Wenn Viktoria Rebensburg am Wochenende auf der weltberühmten Kandahar startet, ist ihr die Unterstützung ihres Fanclubs sicher. Unzählige Kreuther machen sich auf den  Weg nach Garmisch-Partenkirchen.

Garmisch-Partenkirchen – Wenn die alpinen Weltcup-Fahrerinnen durch die Erdteile tingeln und sich einmal im Jahr die Möglichkeit ergibt, mit kurzer Anfahrt ein Rennen live zu beobachten, dann ist im Oberland Reisefieber angesagt. So auch wieder an diesem Wochenende, wenn Viktoria Rebensburg vom Skiclub Kreuth in Garmisch-Partenkirchen an den Start geht. Aufgrund der Wettervorhersage und den Verschiebungen beim Herren-Weltcup in Kitzbühel, hat sich auch das Programm auf der Kandahar am Freitag nochmals geändert. Am Samstag um 10 Uhr wird nun der Super-G gefahren und die Abfahrt am Sonntag um 11.30 Uhr. Rebensburg, dem Zugpferd des Deutschen Skiverbandes, ist dann der Unterstützung ihres Fanclubs gewiss.

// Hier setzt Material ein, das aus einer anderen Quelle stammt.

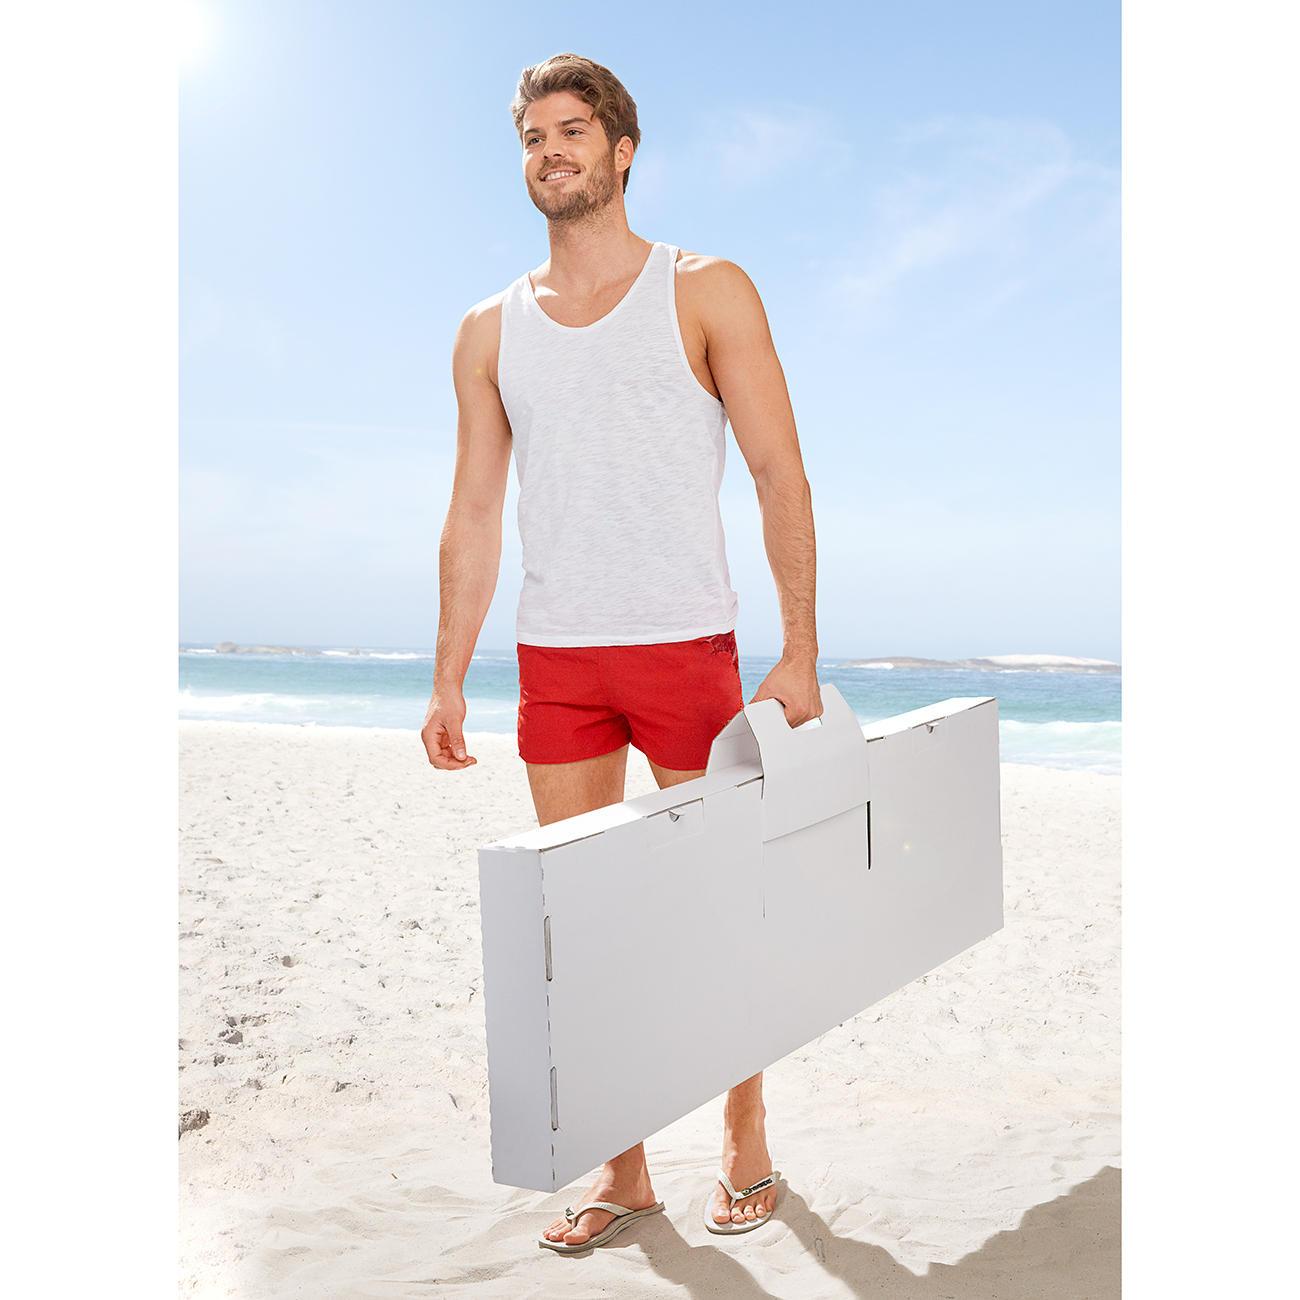 kickpack kartoni pappkicker karton wei online kaufen. Black Bedroom Furniture Sets. Home Design Ideas

Vorsitzende Doris Aumann blickt mittlerweile auf 300 eingetragene Mitglieder. „Im Jahr 2010 nach dem Olympiasieg im Riesenslalom haben wir uns im kleinen Kreis entschlossen, einen Fanclub zu gründen“, berichtet Aumann. „Und zwischenzeitlich haben sich auch deutsche Nordlichter und Österreicher angeschlossen.“ Zum medienwirksamen Equipment des Vereins gehört auch ein großes Transparent, das selbstverständlich an der Kandahar vor der Fan-Tribüne aufgespannt wird. Ob jetzt 100 oder 200 Vicky-Fans ins Werdenfels fahren, weiß Aumann nicht. Erfolgt doch die Anreise nach Garmisch-Partenkirchen nicht in organisierten Bussen, sondern ausnahmslos mit Privat-Pkw.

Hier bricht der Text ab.